Üçüncü basmak sağlık hizmeti sunumu, ülkemizde en ileri tetkik, tedavi, teşhis ve tarama yöntemlerinin kullanıldığı, özellikli sağlık personeline sahip kurumlardır. Üçüncü basamakta sağlık hizmeti sunan kurumlar; Sağlık Bakanlığına bağlı olarak faaliyet gösteren eğitim ve araştırma hastaneleri ile bu hastanelere bağlı semt poliklinikleri, özel dal eğitim ve araştırma hastaneleri ile bu hastanelere bağlı olarak faaliyet gösteren semt poliklinikleri, üniversite hastaneleri ile bu hastanelere bağlı sağlık uygulama ve araştırma merkezleri, ayrıca üniversitelerin diş hekimliği fakülteleri üçüncü basamak sağlık hizmeti sunan kurumlar olarak kabul edilmektedir.

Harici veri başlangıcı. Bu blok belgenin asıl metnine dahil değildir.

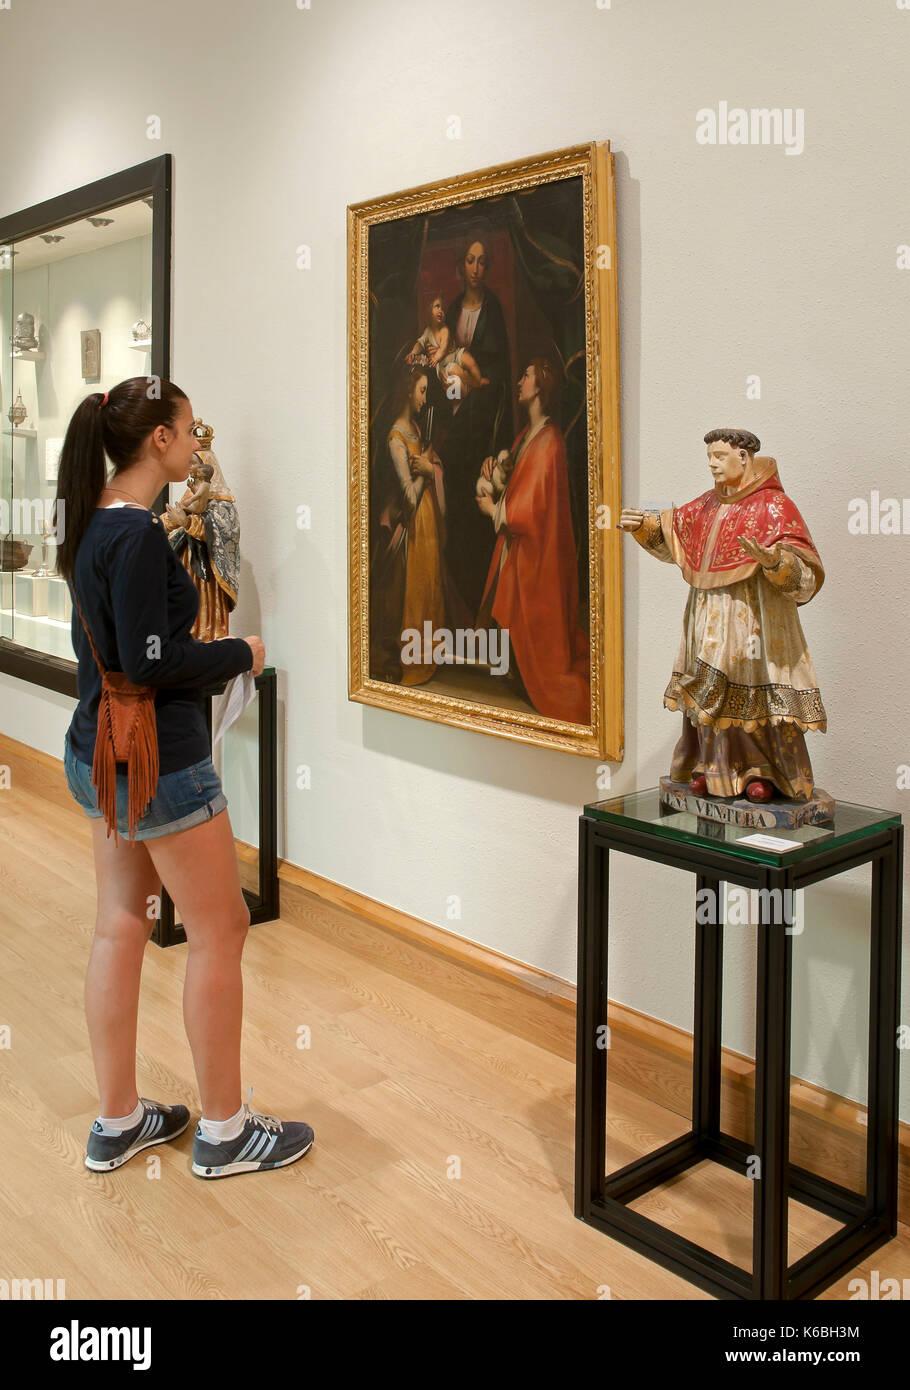 Provincial museum - visitor, Lugo, Region of Galicia, Spain, Europe Stock Photo
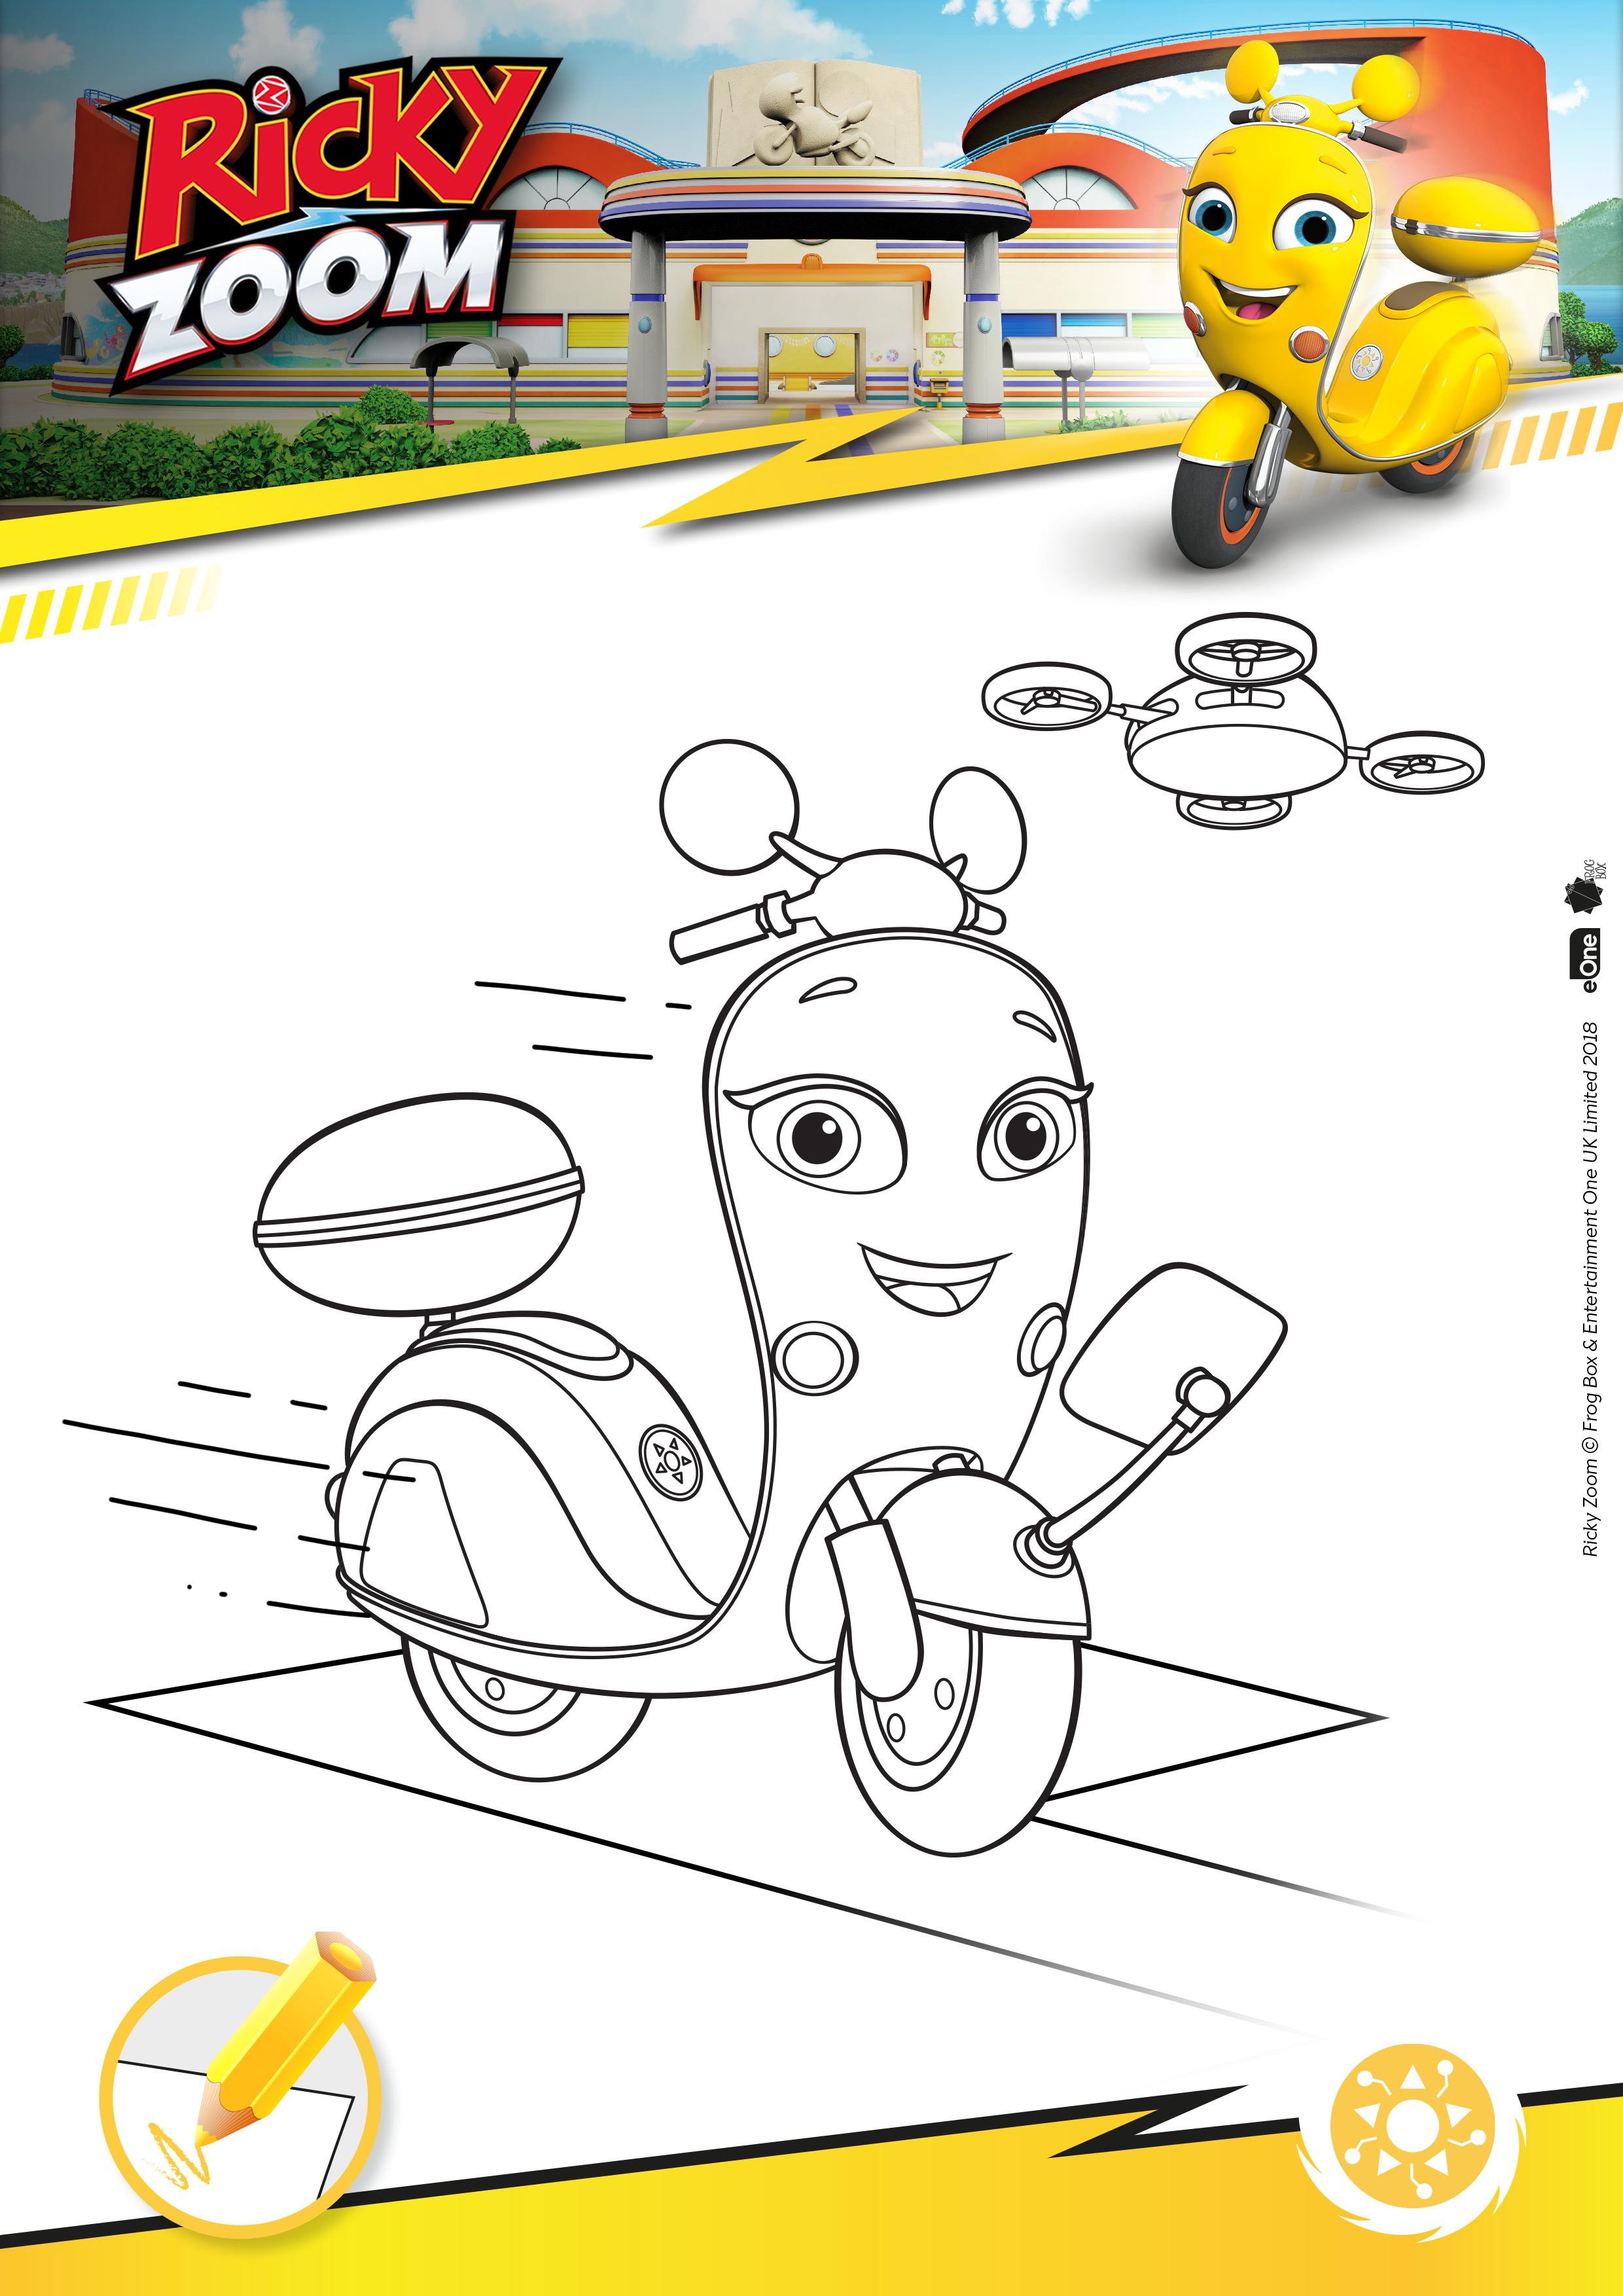 Imagens De Colorir Ricky Zoom In 2020 Discovery Kids Kids Cartoon

Sağlık Kurumlarının Özellikleri
Sağlık kurumlarını diğer işletmelerden ayıran pek çok özellik bulunmaktadır. Bu özelliklerden en belirgin olanları ise: Sağlık kurumlarının birer hizmet üretim işletmesi olması, sağlık hizmeti sunucusu olan sağlık kurumları çalışanları ile sağlık hizmeti tüketicileri olan hastalar arasında bulunan bilgi asimetrisi, sağlık kurumlarının matriks yapıda faaliyet göstermesi, sağlık kurumlarında kesintisiz hizmet sunumunun gerçekleştiriliyor olması, sunulan hizmetlerin büyük bir kısmının acil ve ertelenemez özelliğe sahip olması, iş bölümü, uzmanlaşma ve işlevsel bağımlılığın yüksek olması, teknoloji kullanım oranının yüksek olması, sunulan hizmetlerin yapılacak olan hatalara ve ortaya çıkacak belirsizliklere karşı duyarlı olması, çıktının hem tanımlanmasının hem de ölçümünün güç olması, sağlık kurumlarının oldukça dinamik bir alanda faaliyet göstermeleri nedeniyle açık sistem olma özelliklerini taşımalarıdır.